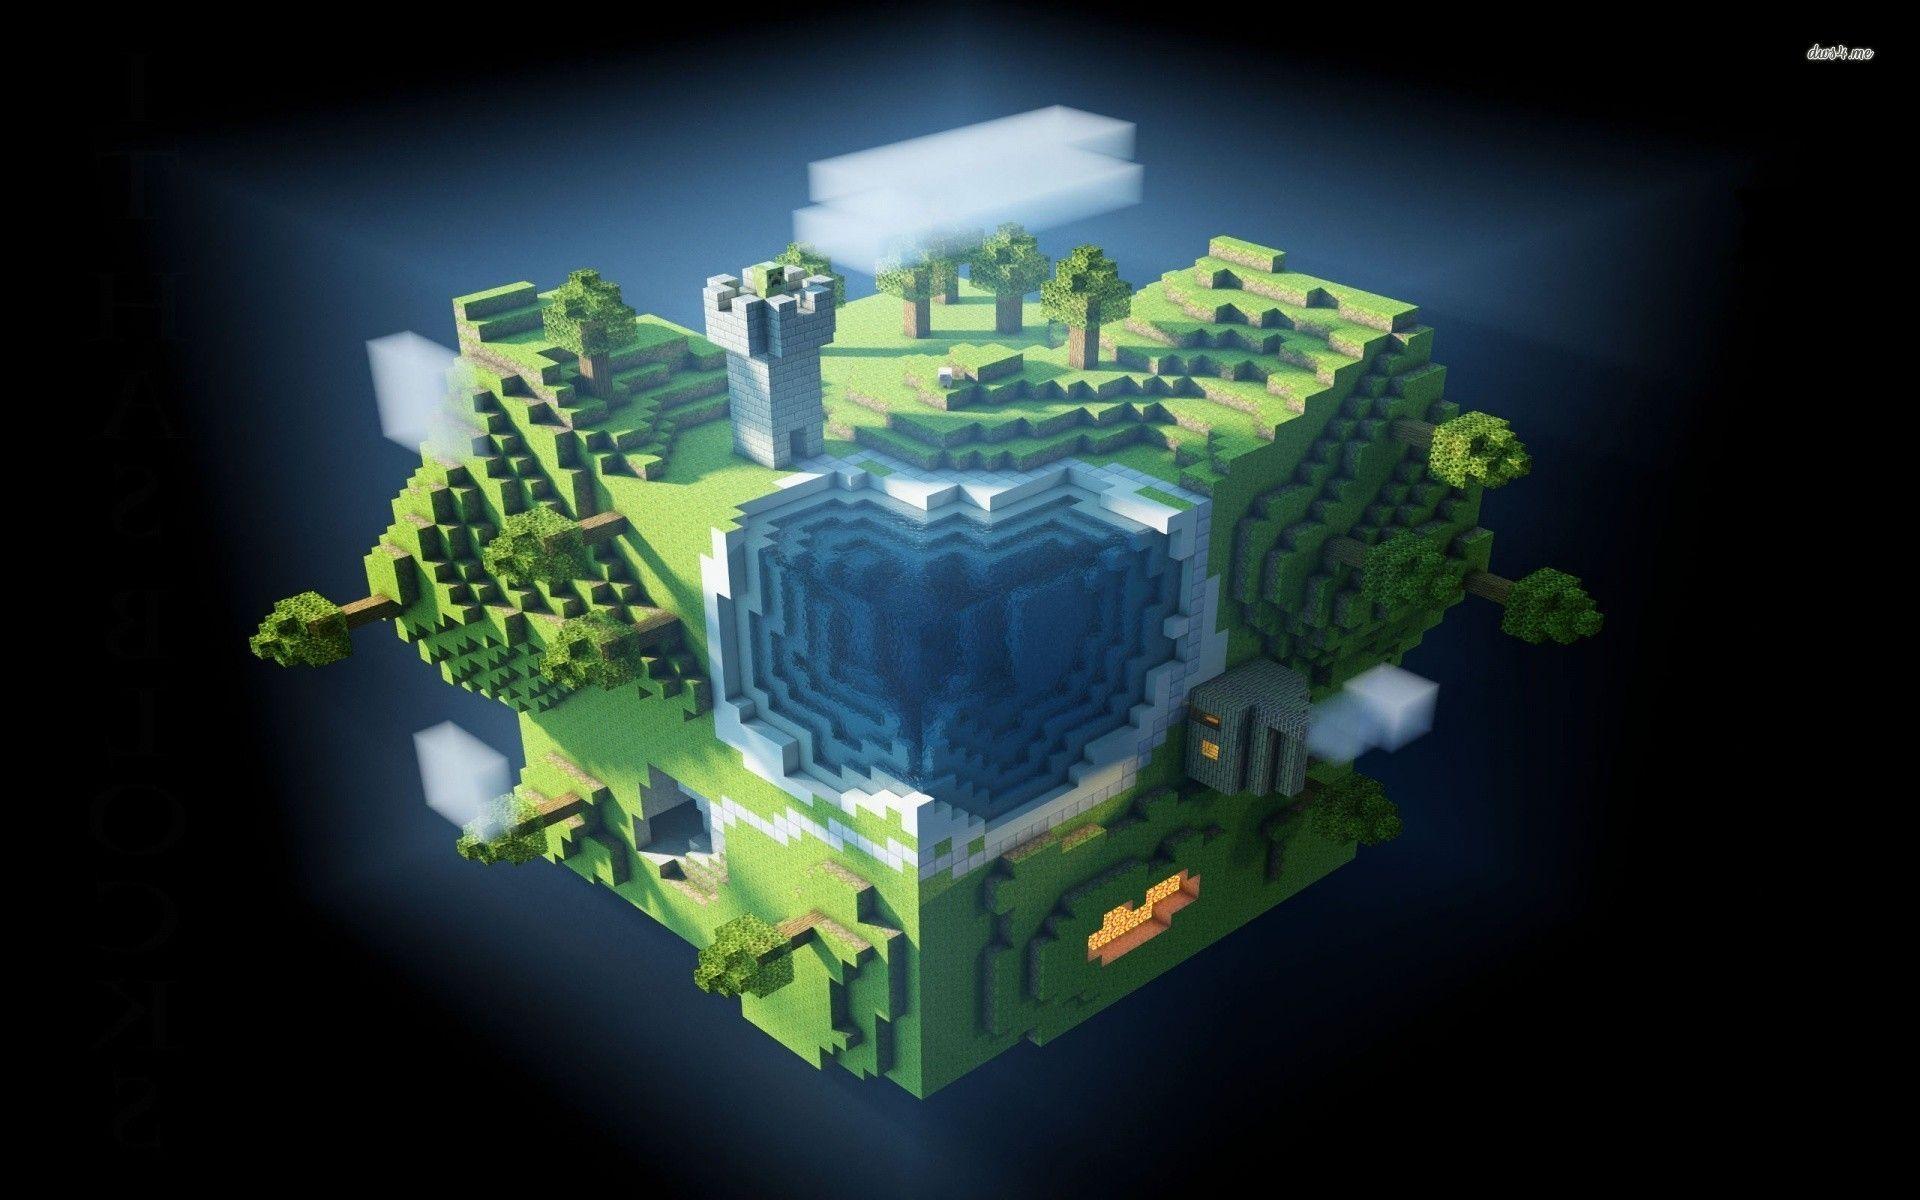 Nếu bạn muốn có một hình nền Minecraft đẹp nhưng không biết bắt đầu từ đâu, thì đến với Good Minecraft Backgrounds! Đây là một bộ sưu tập các hình nền Minecraft đẹp nhất mà bạn không thể bỏ qua. Với các tùy chọn đa dạng, bạn sẽ dễ dàng tìm thấy hình nền phù hợp với sở thích của mình.
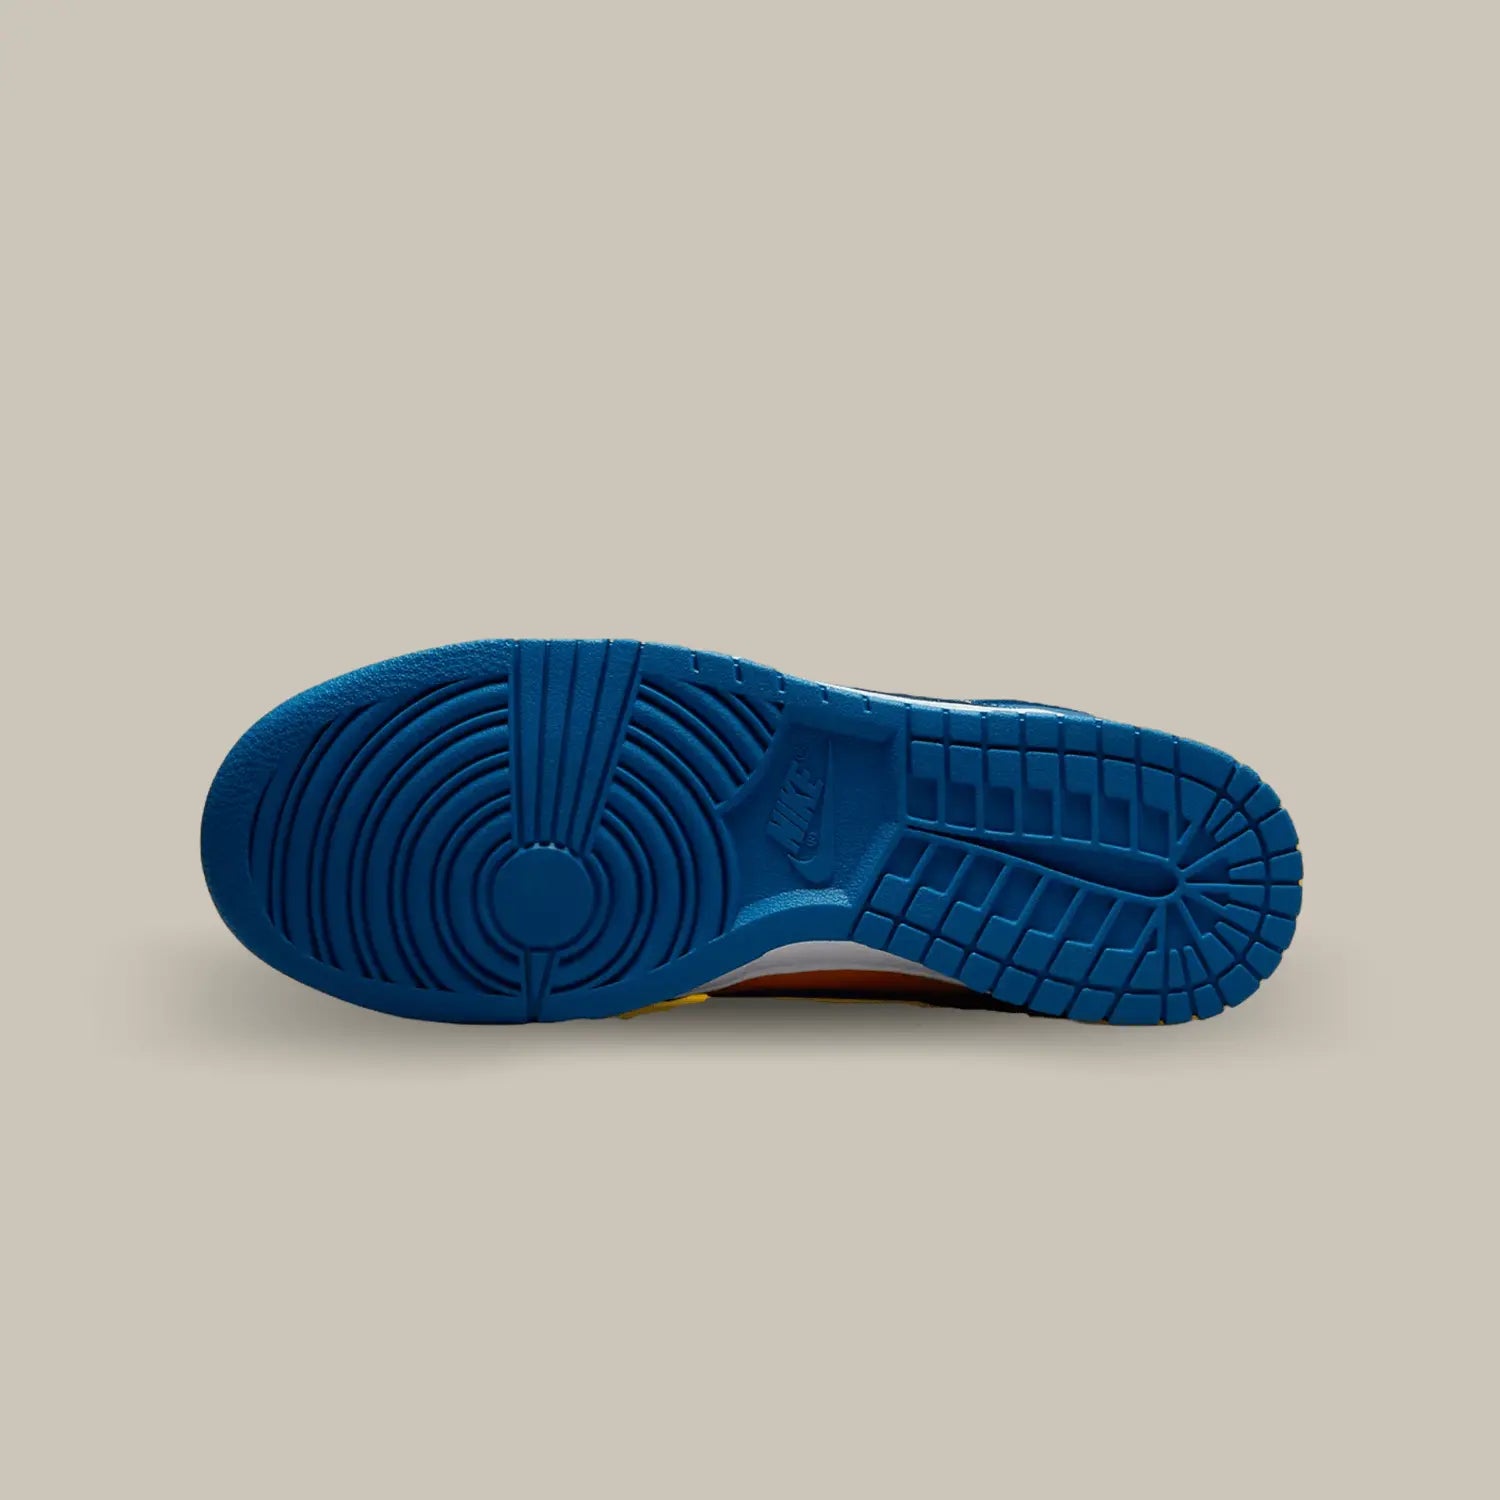 La semelle de la Nike Dunk Low UCLA de couleur bleu.
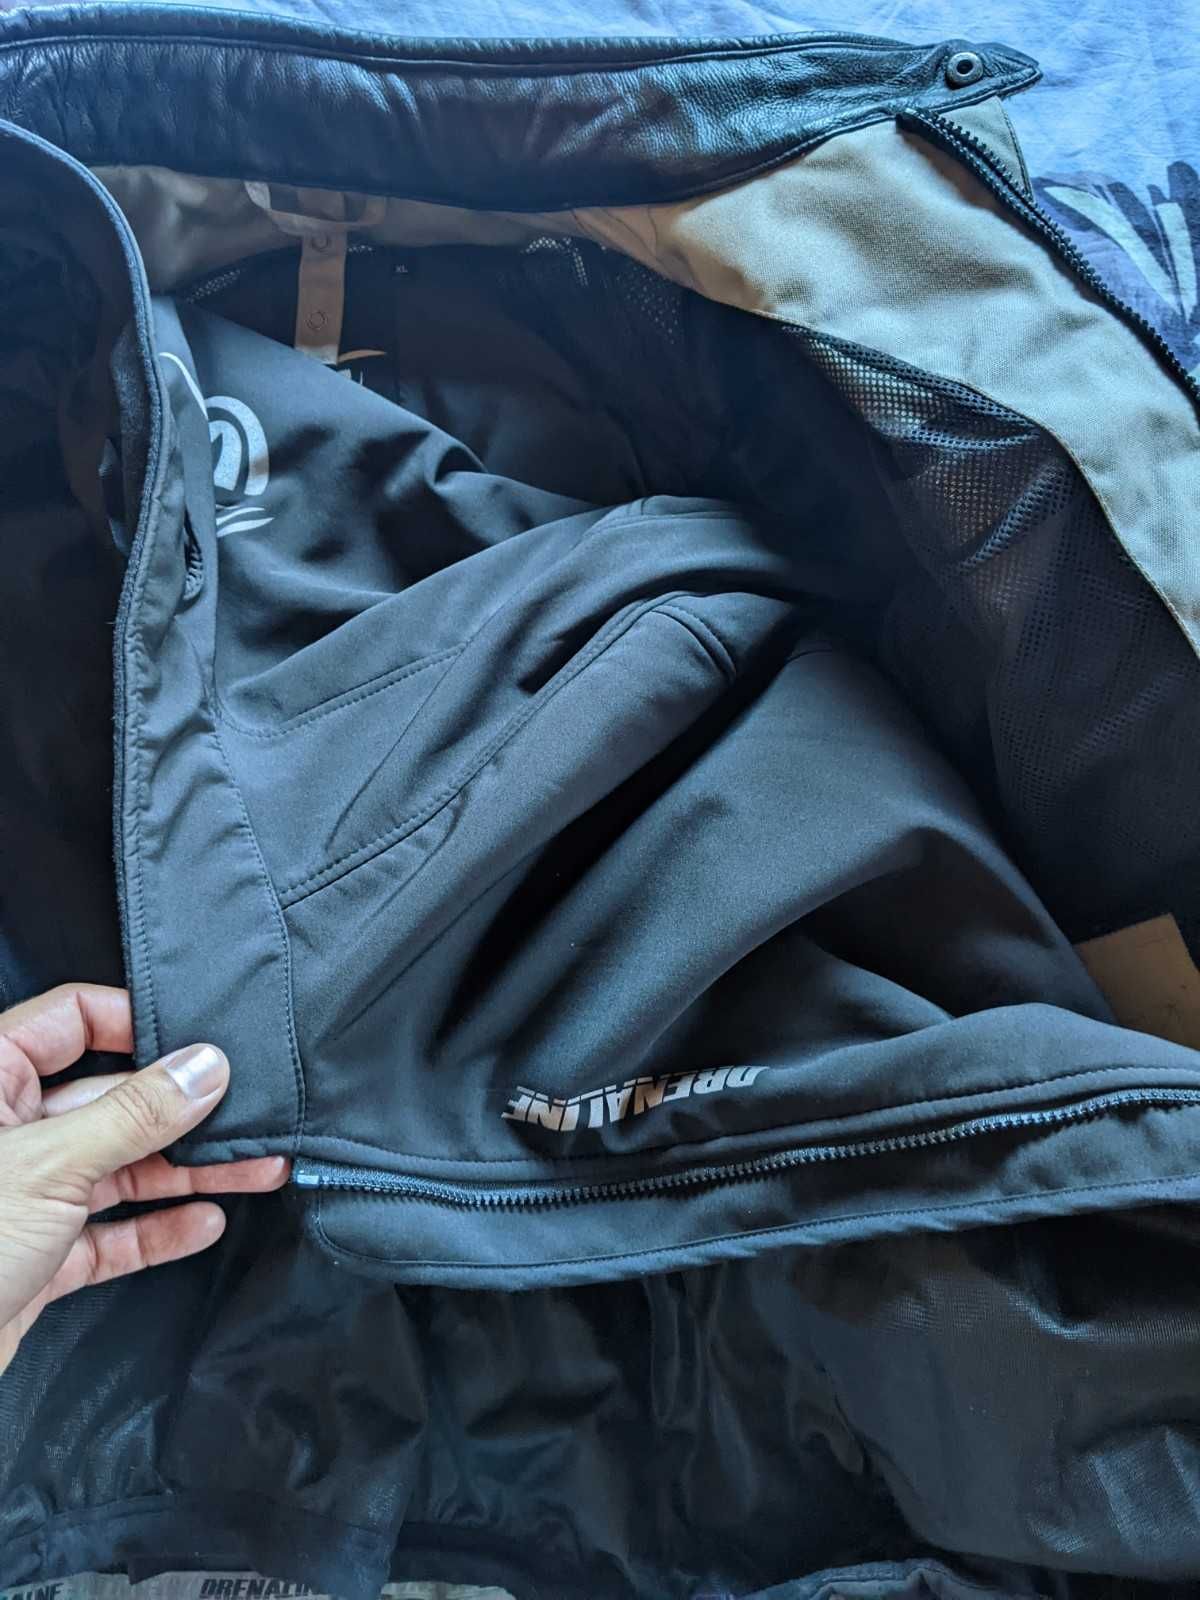 Fato (casaco e calças) para mota, Drenaline Atlas
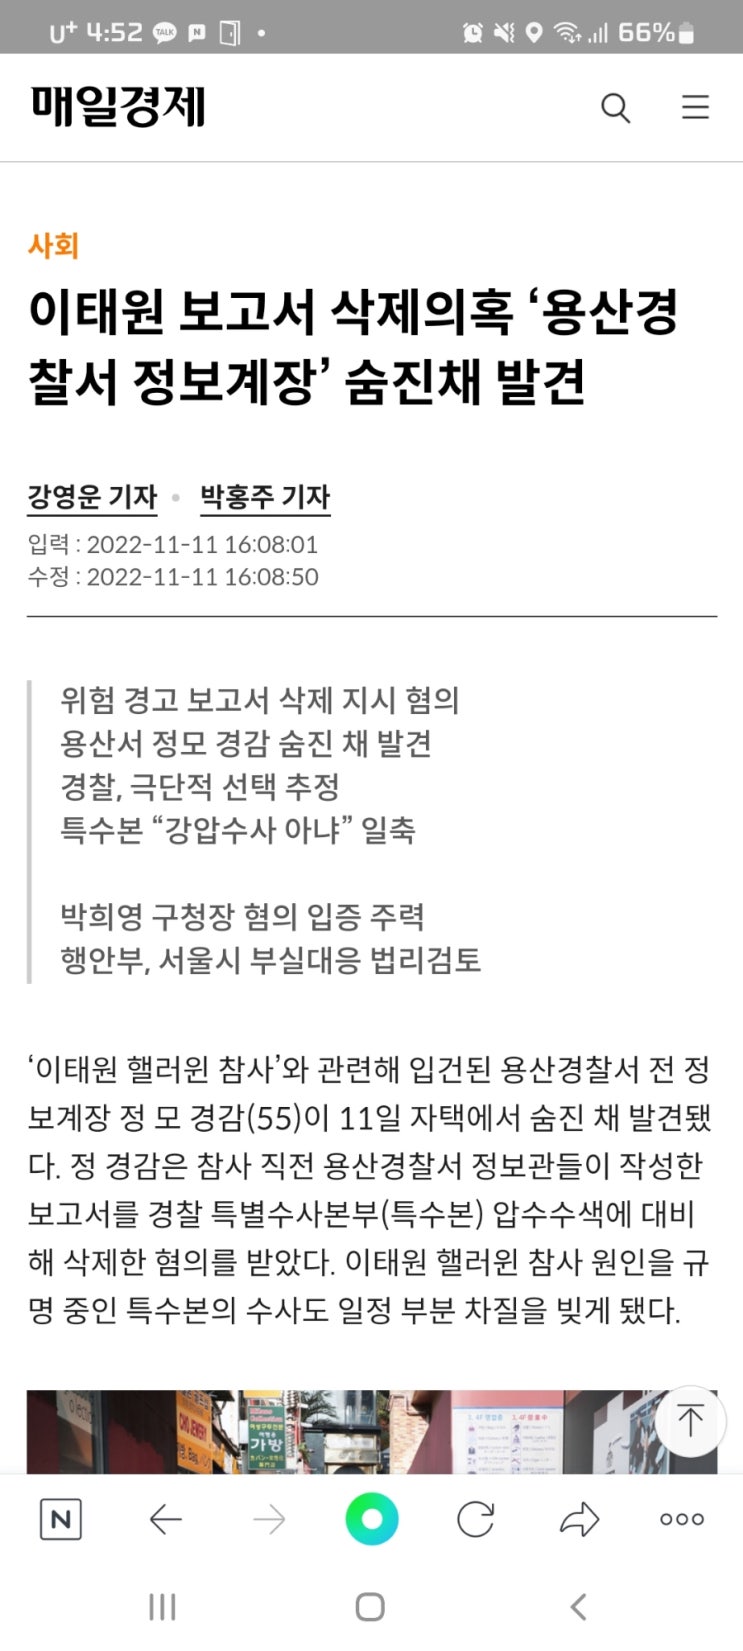 이태원 보고서 삭제의혹 ‘용산경찰서 정보계장’ 숨진채 발견

+===+

The job here is to retype the data exactly, with no pictures included.

**OUTPUT BELOW:**
 Nếu bạn muốn có một hình nền Minecraft đẹp nhưng không biết bắt đầu từ đâu, thì đến với Good Minecraft Backgrounds! Đây là một bộ sưu tập các hình nền Minecraft đẹp nhất mà bạn không thể bỏ qua. Với các tùy chọn đa dạng, bạn sẽ dễ dàng tìm thấy hình nền phù hợp với sở thích của mình.
 La semelle de la Nike Dunk Low UCLA de couleur bleu.
 Fato (casaco e calças) para mota, Drenaline Atlas
 이태원 보고서 삭제의혹 ‘용산경찰서 정보계장’ 숨진채 발견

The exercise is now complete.